Yosso, T.J. (2005). Whose culture has capital? Race, Ethnicity and Education, 8(1), pp. 69–91.
10. Ways forward?
• I speak three languages, I am a single parent, a former
refugee, learnt English from scratch, went to FE college,
trained to be a nursery assistant, worked since I could....
(female, British Black African)....
• Yosso's framework should be used to develop
approaches to supporting students
• Start with what students bring to the classroom not what
they don't
• Ask reflective questions of our practice
• Angela Locke
http://web.csulb.edu/divisions/aa/personnel/fcpd/workshops/documents/Wrk1
EditedYossoCulturalWealthSummary.pdf
11. • Aspirational capital
• How are we supporting the maintenance and growth of students’ aspirations?
• What assumptions do we have about our students’ aspirations?
• Linguistic
• How are we supporting the language and communication strengths of our students?
• To what degree do courses utilise inclusive pedagogical practices?
• Familial capital
• How do we recognise and help students draw on wisdom, values and stories from
their home communities?
• How do we create environments that honour and invite families to participate?
• Social capital
• How do we help students stay connected to the communities and individuals
instrumental in their previous educational success?
• How do we engage with likely individuals and community-based organisations about
admissions and selection processes and the types of supports successful students
need?
12. • Navigational capital
• How do we help students navigate our institutions?
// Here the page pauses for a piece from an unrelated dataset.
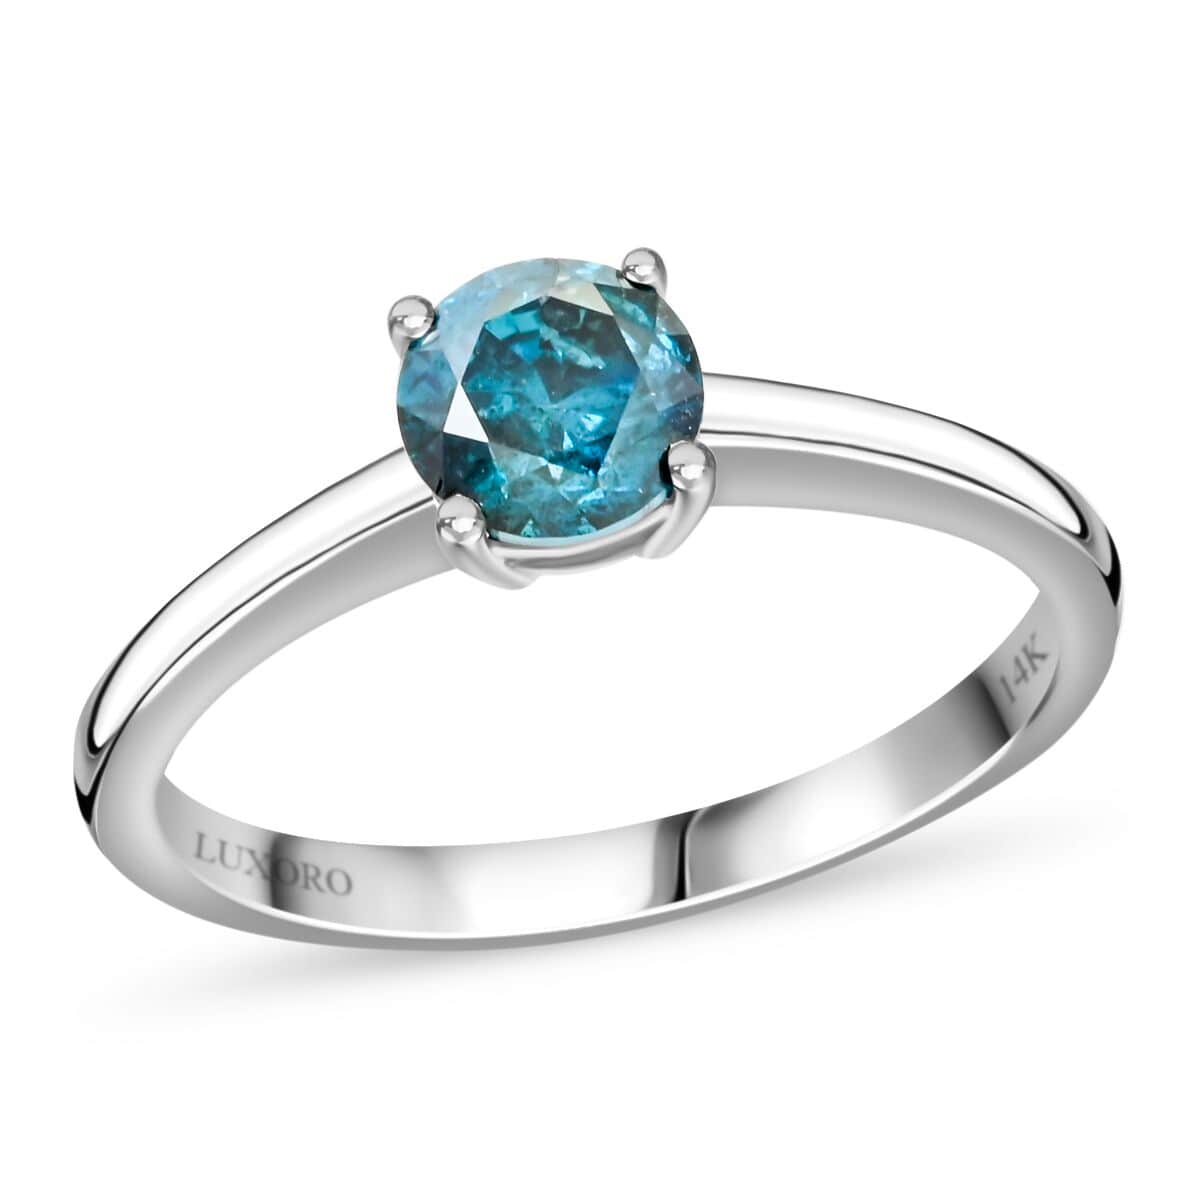 Luxoro 14K White Gold Venice Blue Diamond I1-I2 Solitaire Ring (Size 9.0) 1.00 ctw image number 0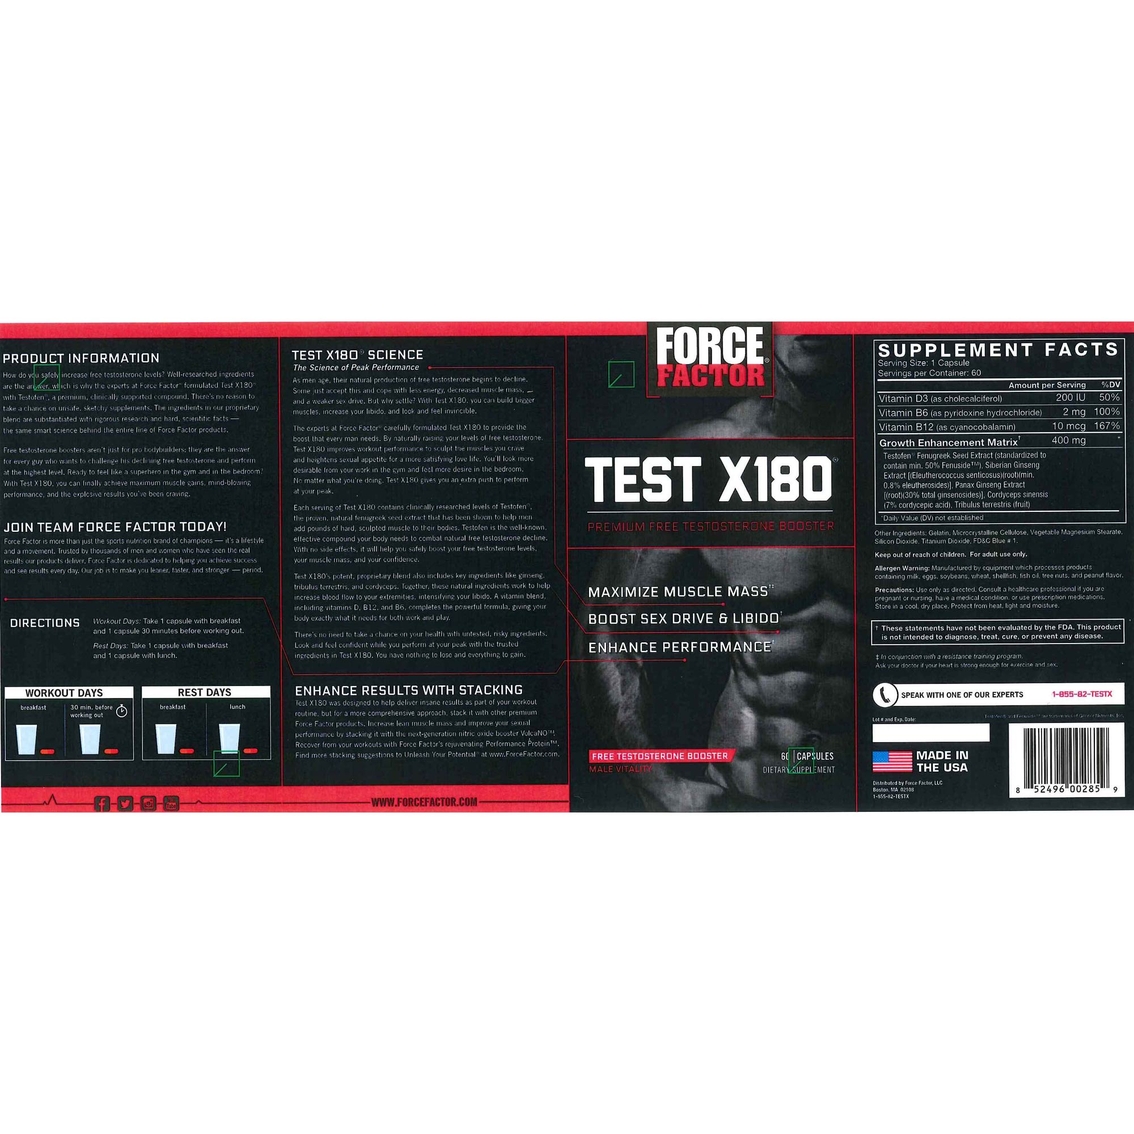 Force Factor Test X180 Sports Nutrition Supplement 60 Pk. - Image 2 of 2

Interactions with
teachers/faculty? Interactions with student-support staff? Their peers?
• How willing are we to acknowledge that our institutions, both their structures and
cultures, have a history of, and may still in many ways be unsupportive and/or
hostile to our students and their communities?
• Resistance capital
• How do we support students who are committed to engaging in and serving their
home communities (however they define these)?
• What opportunities do we provide students in and outside of the classroom to
prepare them for participation in a diverse democracy?